Теперь Жако и Фландрен прислонились спиной к умолкнувшему вибратору. Все трое смотрели на здание внимательно и вместе с тем точно со стороны. Как туристы.
- А здорово получается! - заявил Ла Суре, словно разговаривая сам с собой.
- Шикарно, - подтвердил Жако. - Факт!
- А сколько таких домов нам надо построить, - заметил Фландрен.
- Домов хватило бы с лихвой. Каждый мог бы получить приличную квартирку. Надо только побольше денег тратить на металл для строительства и поменьше на металл для пушек.
- Черт возьми… - выругался Фландрен.
Ла Суре стал объяснять Жако:
- У нас на строительной площадке применяется новый метод. Колонны, стеновые блоки, в общем все элементы сборные. Подъемный кран устанавливается внутри здания в том месте лестничной клетки, где будут размещены счетчики и распределительные установки газа, электричества и воды. По мере того как здание растет, поднимается и кран при помощи лебедки. Дом растет, как на дрожжах, а работа получается, пожалуй, еще качественнее…
Ла Суре спрыгнул с груды досок и отряхнул сзади брюки.
- И подумать только, что, может, даже этот дом не будет закончен. - Он неожиданно повернулся к Жако: - Кстати, парень, почему ты не был на профсоюзном собрании? Ты что же, не состоишь в профсоюзе?
- Как же, состою. Но мы с ребятами сели обедать на солнышке. И совсем позабыли о собрании…
- Жаль.
Ла Суре пожал им руки. Фландрен потянулся было к рубильнику, но тут же отдернул руку и крикнул:
- Эй, Ла Суре! Позабыл тебе сказать: что‑то не ладится в кожухе вибратора. За день весь изгваздаешься в растворе!
- Ладно, я скажу Бурвилю.
Ударом каблука по рукоятке Фландрен включил электрический мотор.

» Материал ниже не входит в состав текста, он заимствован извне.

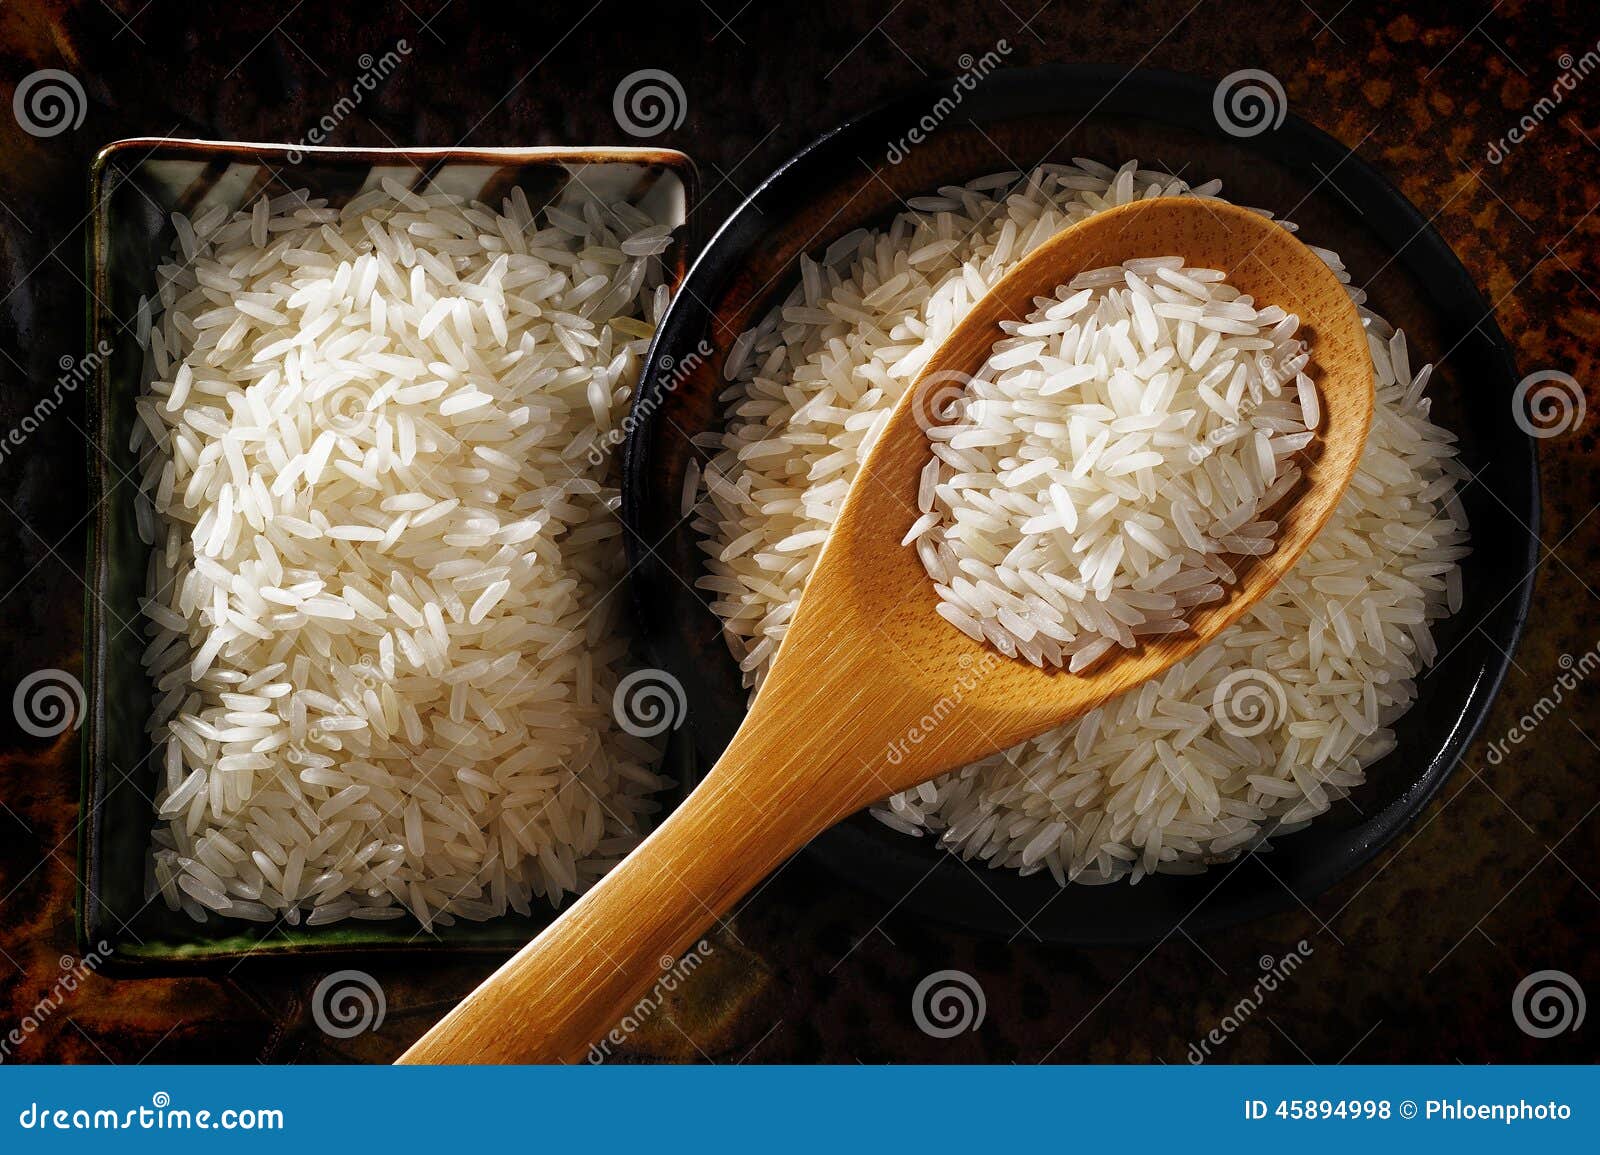 片|怎么判断真米和塑料米|塑料大米怎么区分图

- А о чем говорили на профсоюзном собрании, Фландрен?
- А? Что ты сказал?
- Ничего! Ну и паяльник у делегата на физиономии!
* * *
В этот вечер Жако получил заработную плату за первую неделю. Новенькие бумажки шуршали в его испачканных цементом пальцах. Он сложил две бумажки по пять тысяч франков и спрятал их в одно из отделений бумажника. А тысячу триста сунул в другое отделение - себе на расходы. Опустил мелочь в карман брюк и с удовлетворением похлопал себя по груди. Руки у него распухли. Ладони затвердели. В кожу въелась белая пыль. Жако перекинул сумку через плечо и догнал приятелей. Все вместе они весело направились к станции.
- Сегодня я плачу за выпивку, факт! - заявил Жако.

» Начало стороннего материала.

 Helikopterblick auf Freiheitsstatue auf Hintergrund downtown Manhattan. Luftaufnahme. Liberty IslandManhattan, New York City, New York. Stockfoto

Ночь уже окутала землю. Окутала ледяным покрывалом. Клод туже обмотал кашне вокруг шеи и объявил, что идет в "Канкан".
- Ты собираешься еще тренироваться сегодня вечером? - спросил Виктор насмешливо. - Мало наработался за день?

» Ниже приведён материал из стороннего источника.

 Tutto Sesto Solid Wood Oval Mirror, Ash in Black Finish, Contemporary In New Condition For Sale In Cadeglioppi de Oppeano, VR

- Это не одно и то‑то - то же.
Дикий вой прорезал ледяной воздух. Через дорогу, поджав хвост, перебежал Ланьель и исчез за поворотом.
К станции подошел поезд. Длинный Шарбен не сел в один вагон со всеми, а бросился в конец состава - оттуда ему было ближе добираться по путям до Шанклозона. Жако быстро осмотрел вагон. Виктор, следивший за его взглядом, проговорил не без ехидства:
- Ее здесь нет.
Автоматические двери захлопнулись, сухо Щелкнув. Поезд тронулся, и после ряда вибраций человеческий материал спрессовался в нем, как бетон в форме.
* * *
Три раза в неделю - в понедельник, среду и пятницу - с восьми до одиннадцати часов вечера танцевальный зал "Канкана" превращался в тренировочный зал для бокса.
По углам эстрады для оркестра, служившей импровизированным рингом, закрепляли колышки и натягивали канаты. На пол стелили старый ковер. Боксерский мешок, растяжной мяч, доска, трехминутные песочные часы и несколько пар тренировочных перчаток привлекали сюда человек двенадцать заядлых любителей бокса из Гиблой слободы, Шанклозона и даже из окрестных деревушек. Рей Валевский был уже профессионалом. Он каждый день ездил на тренировку в спортивный зал предместья Сен - Дени, но все же частенько заглядывал в "Канкан", где когда‑то начал свою спортивную карьеру. Обычно он приходил сюда перед состязаниями в Зале празднеств.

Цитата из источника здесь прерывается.